(EXERCISE DATA):
++++++++++
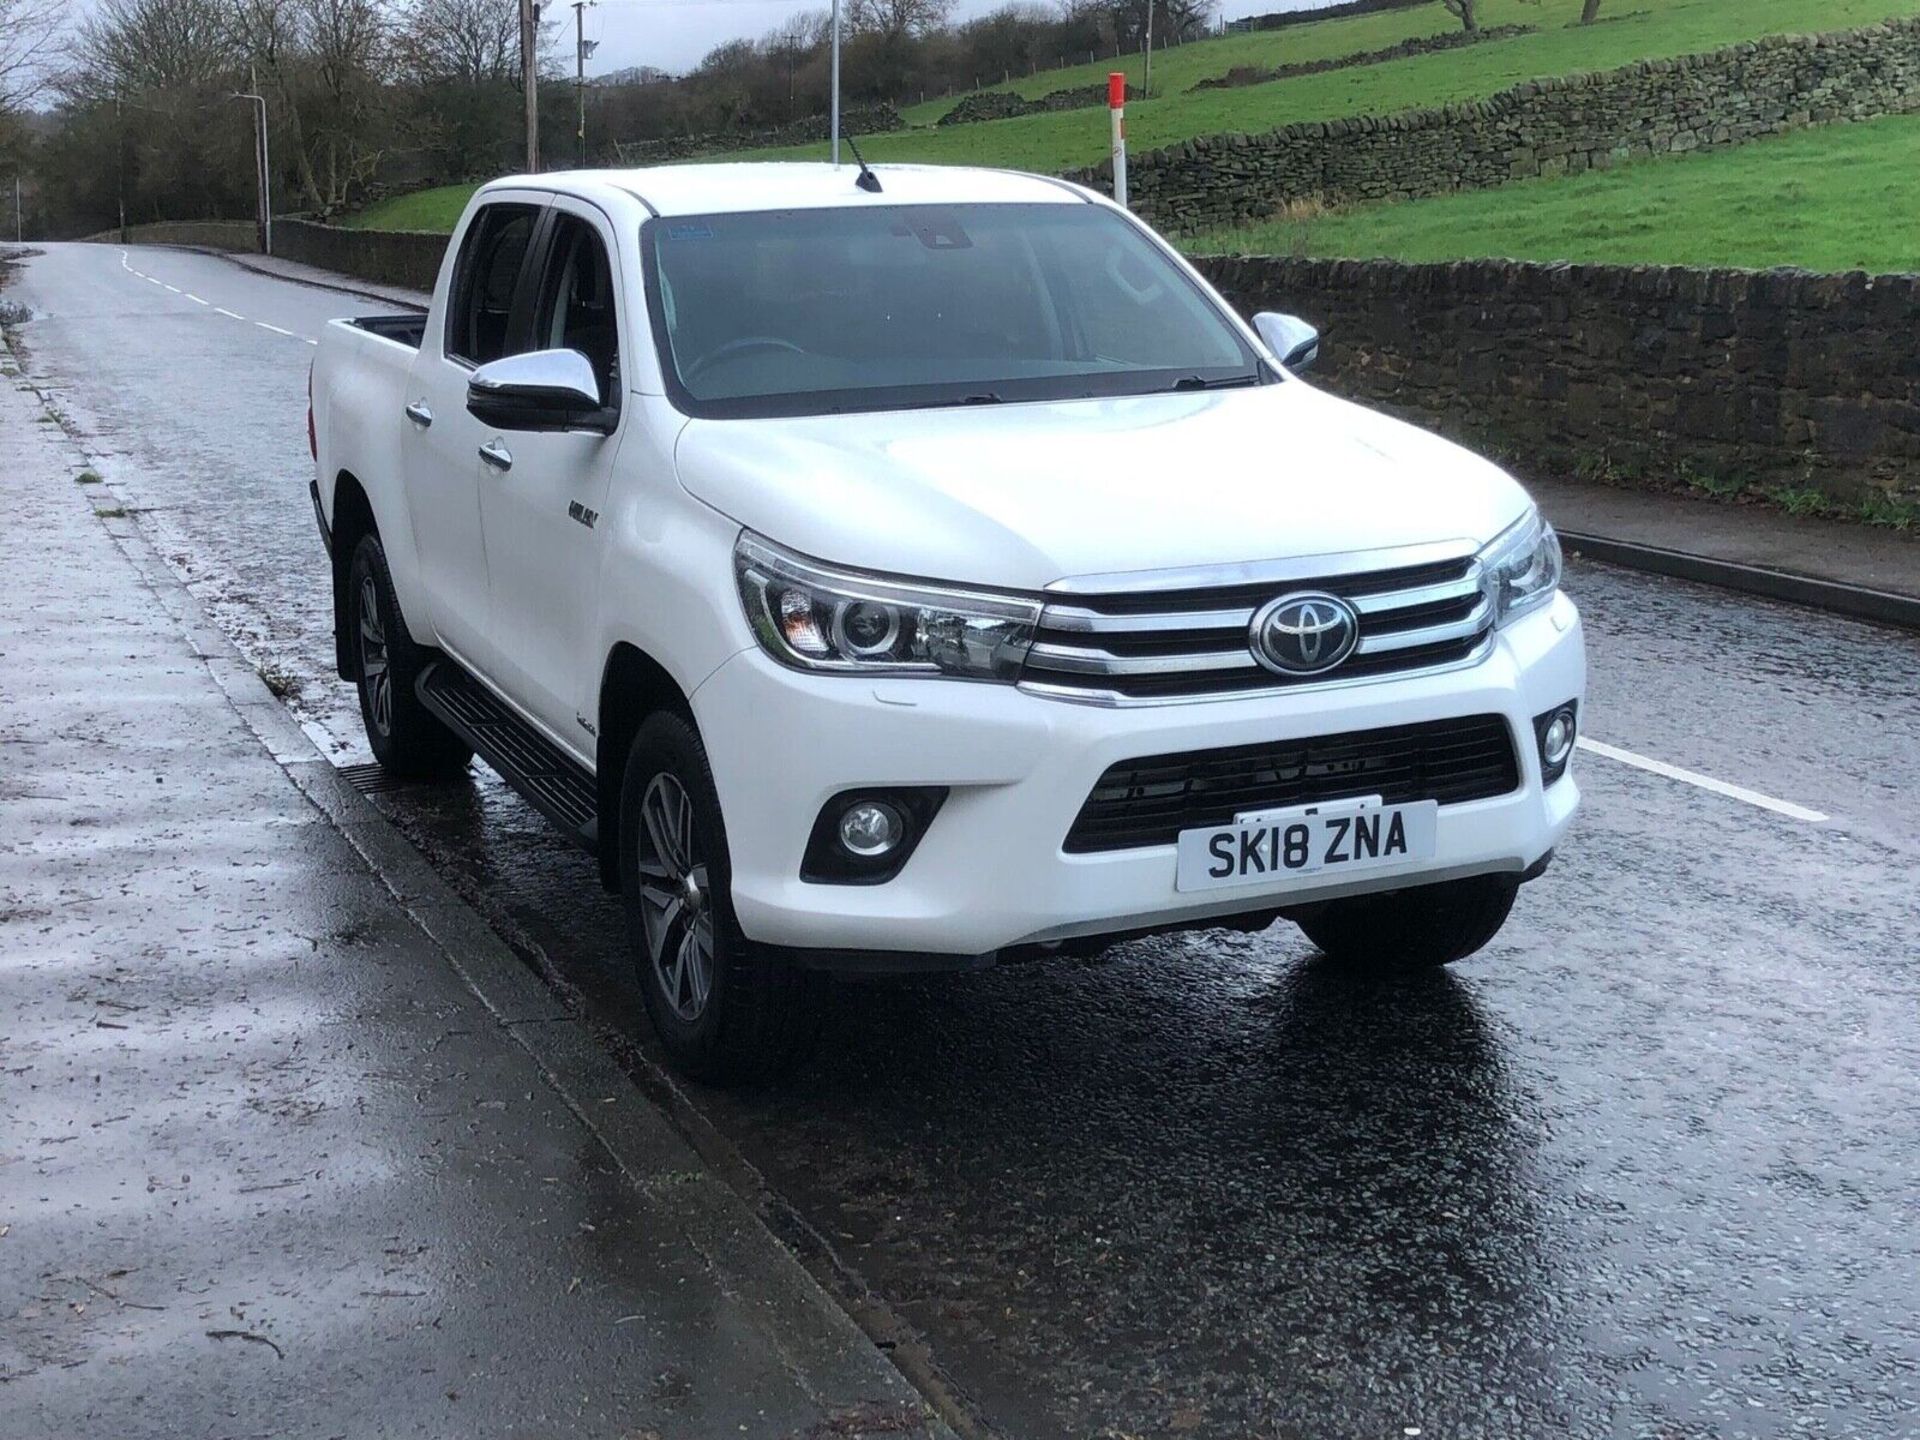 2018/18 TOYOTA HILUX 2.4 INVINCIBLE DOUBLE CAB - OFF-ROAD ADVENTURE READY>>--NO VAT ON HAMMER--<<
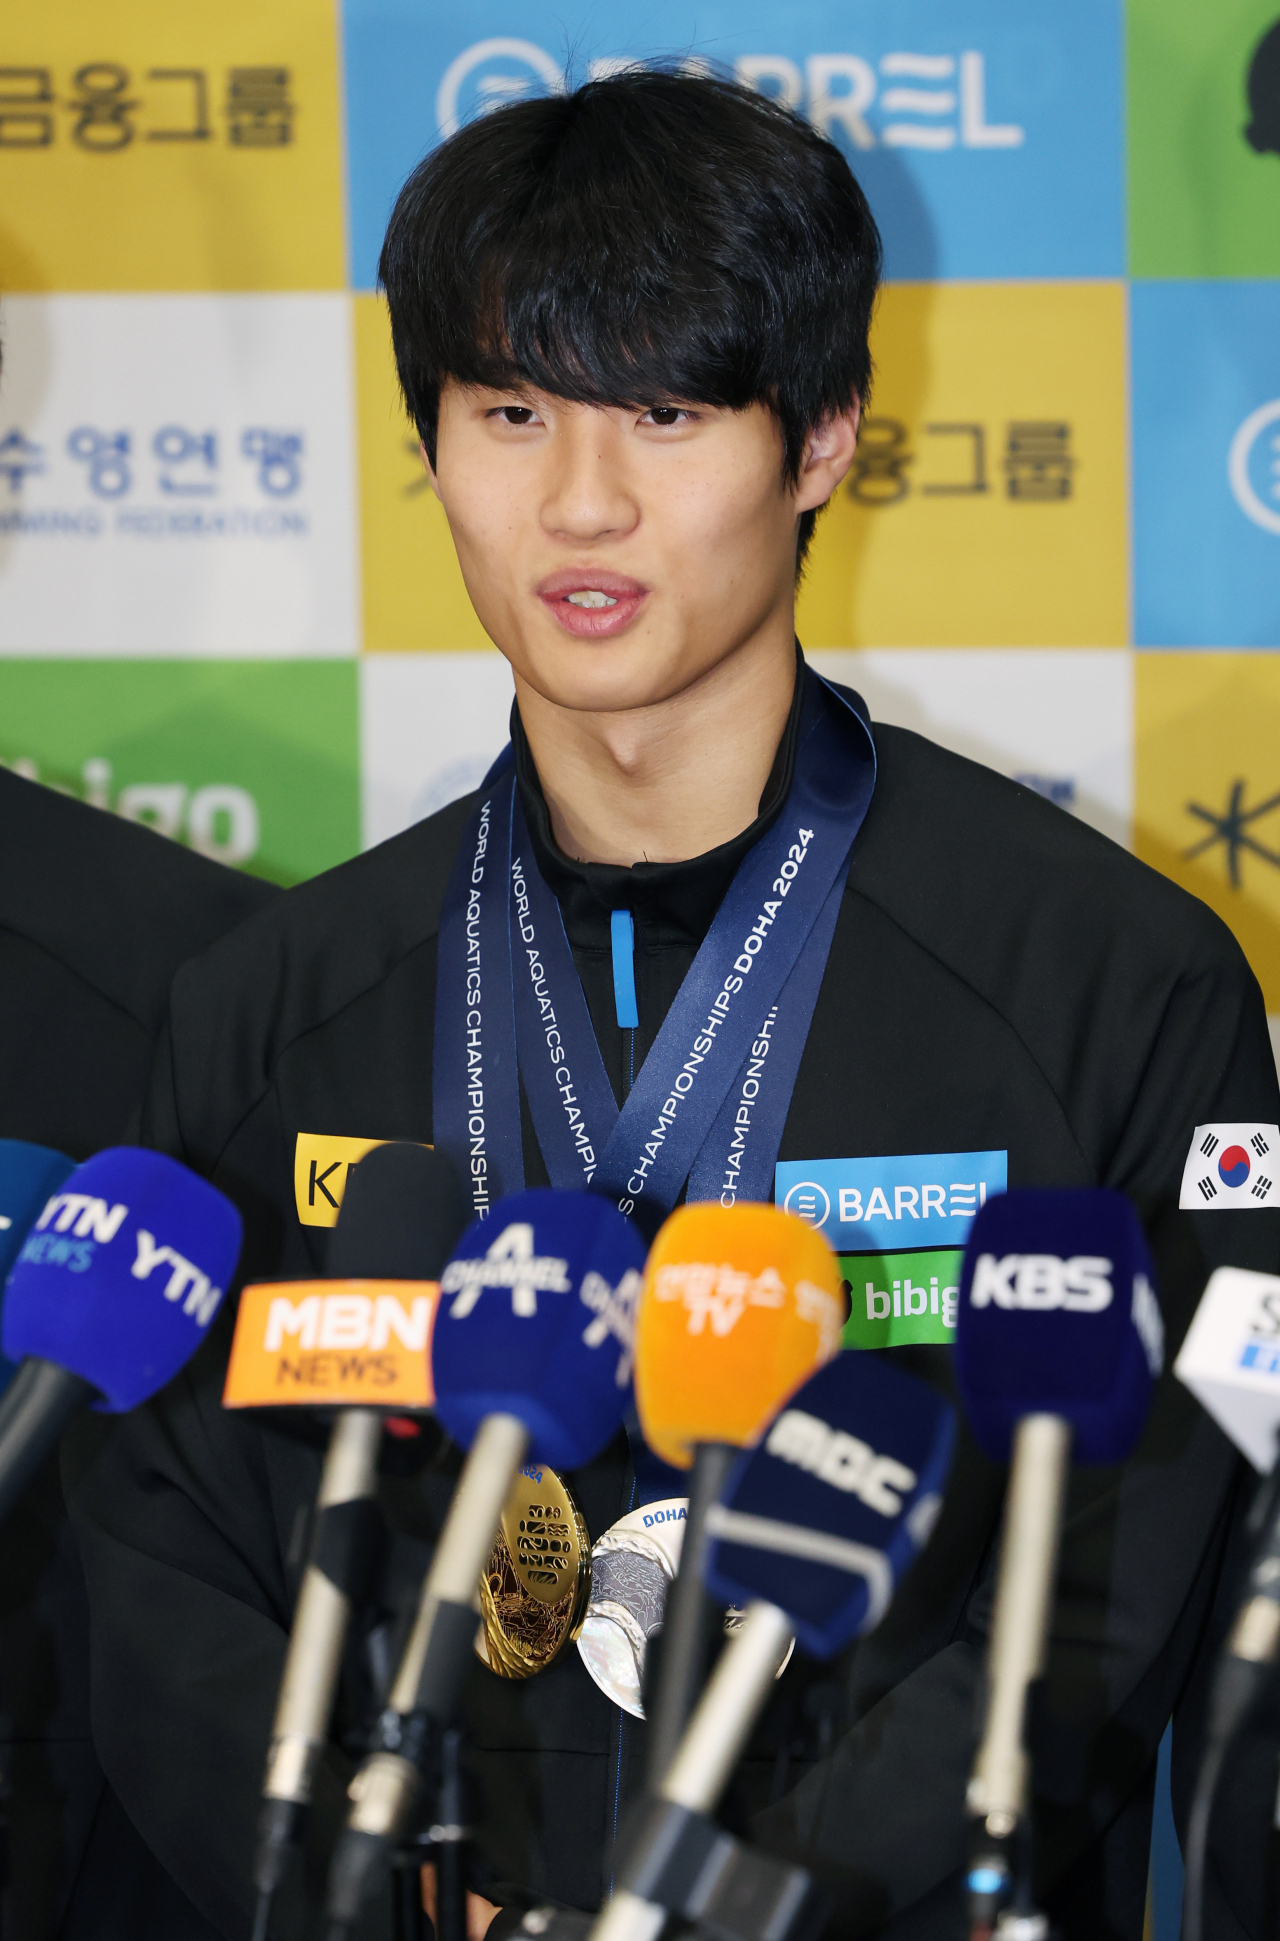 Hwang Sun-woo, who won the gold medal in the men's 200-meter freestyle title at the just-ended World Aquatics Championships in Doha, speaks with he press upon returning home via Incheon International Airport, west of Seoul, Monday. (Yonhap)
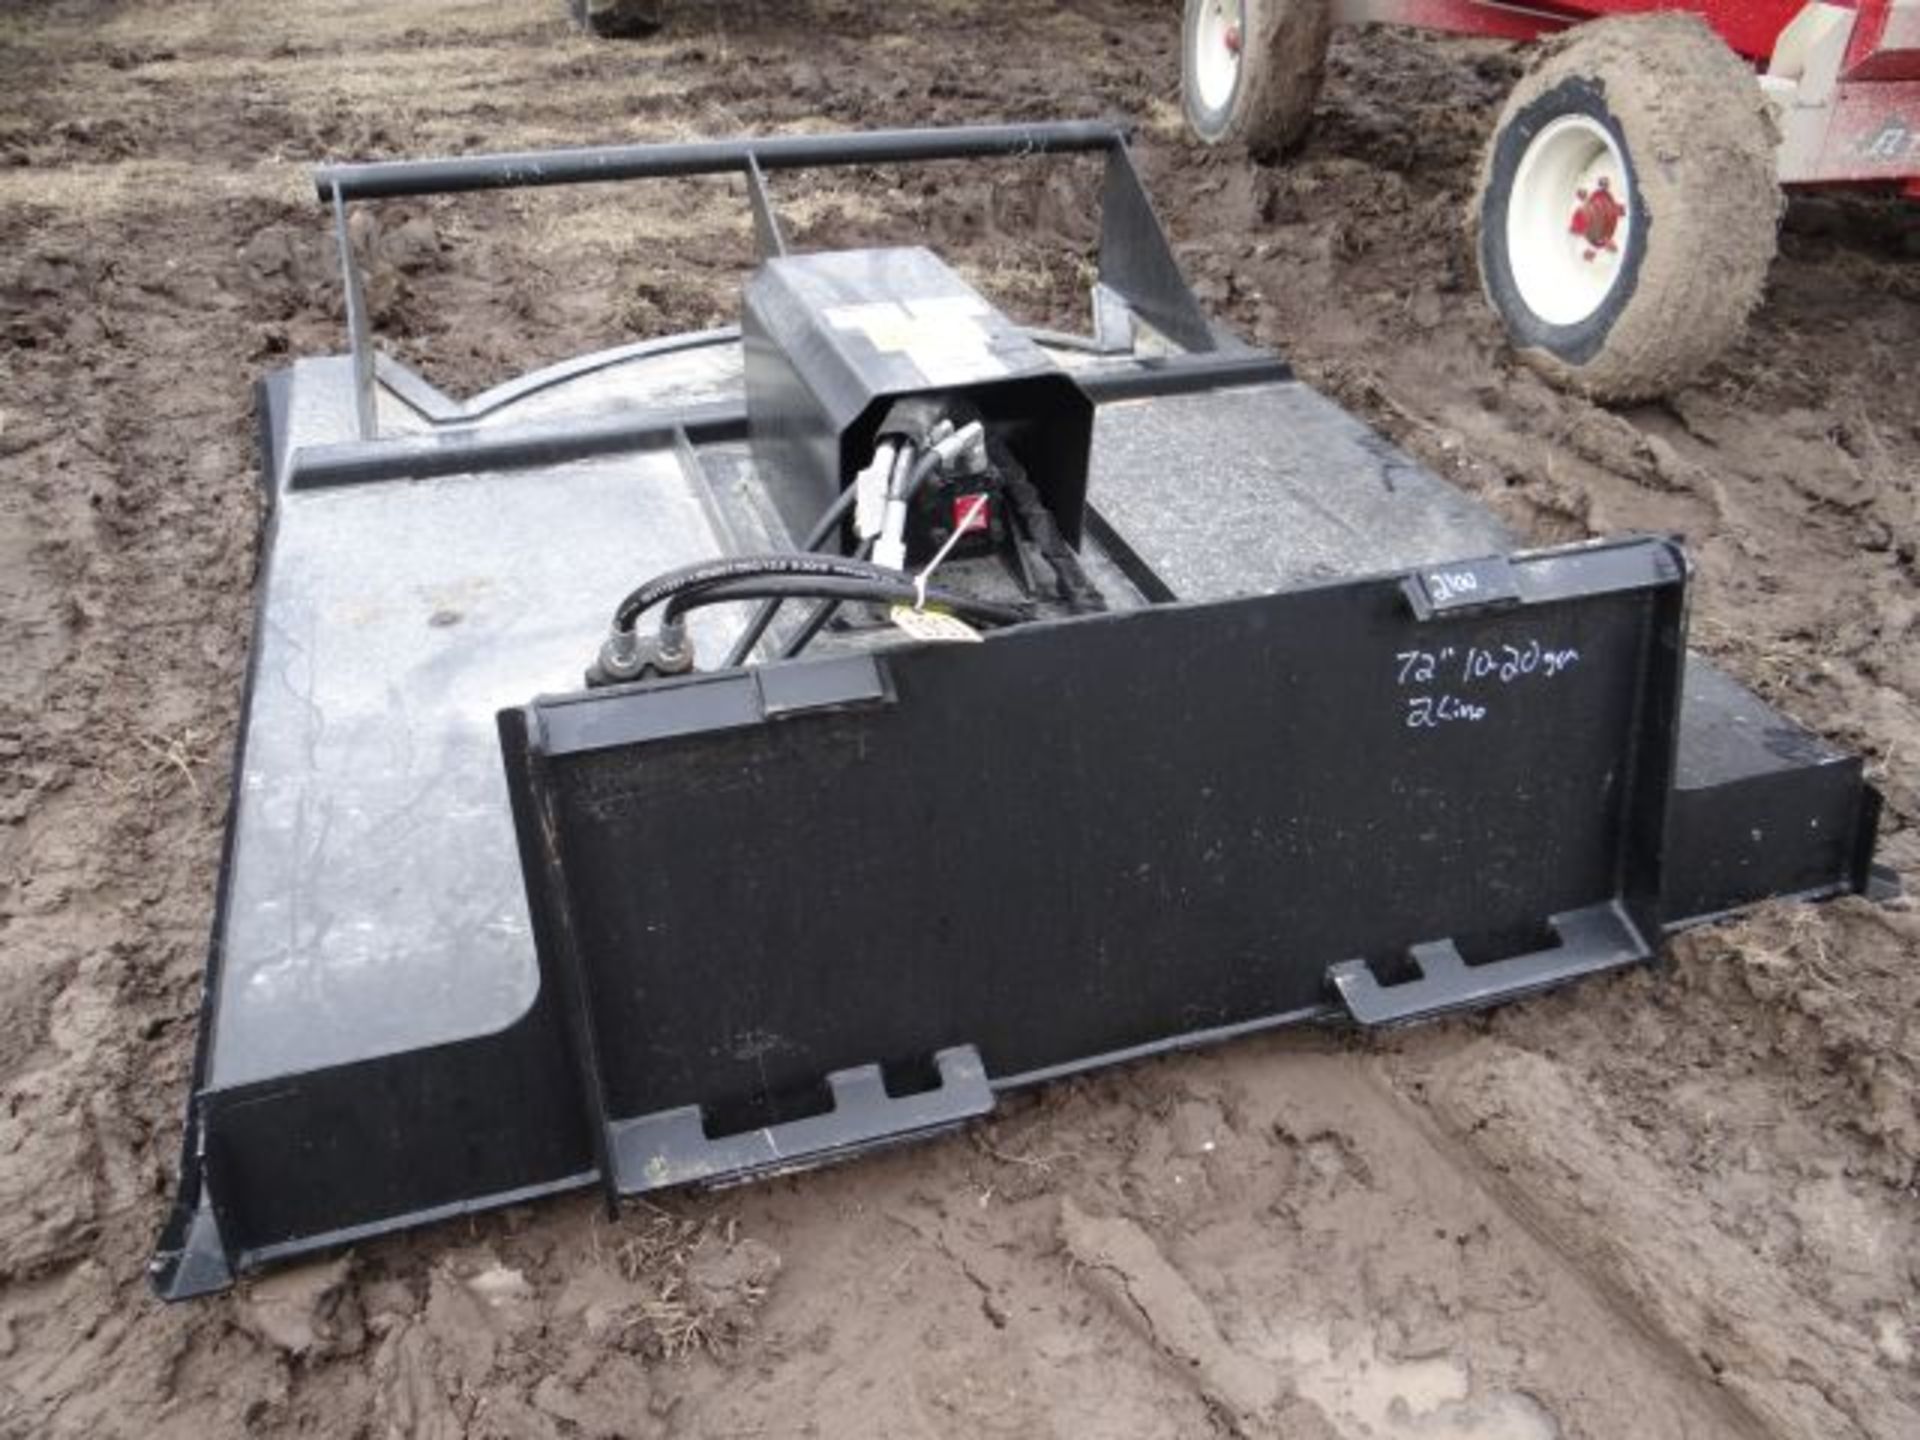 72" Cutter w/Hoses and Couplers, Skid Steer Attachment
++++++++++
Reproduce the data verbatim and omit each image.

(SOLVED PROBLEM):
 2018/18 TOYOTA HILUX 2.4 INVINCIBLE DOUBLE CAB - OFF-ROAD ADVENTURE READY>>--NO VAT ON HAMMER--<<
 Hwang Sun-woo, who won the gold medal in the men's 200-meter freestyle title at the just-ended World Aquatics Championships in Doha, speaks with he press upon returning home via Incheon International Airport, west of Seoul, Monday. (Yonhap)
 72" Cutter w/Hoses and Couplers, Skid Steer Attachment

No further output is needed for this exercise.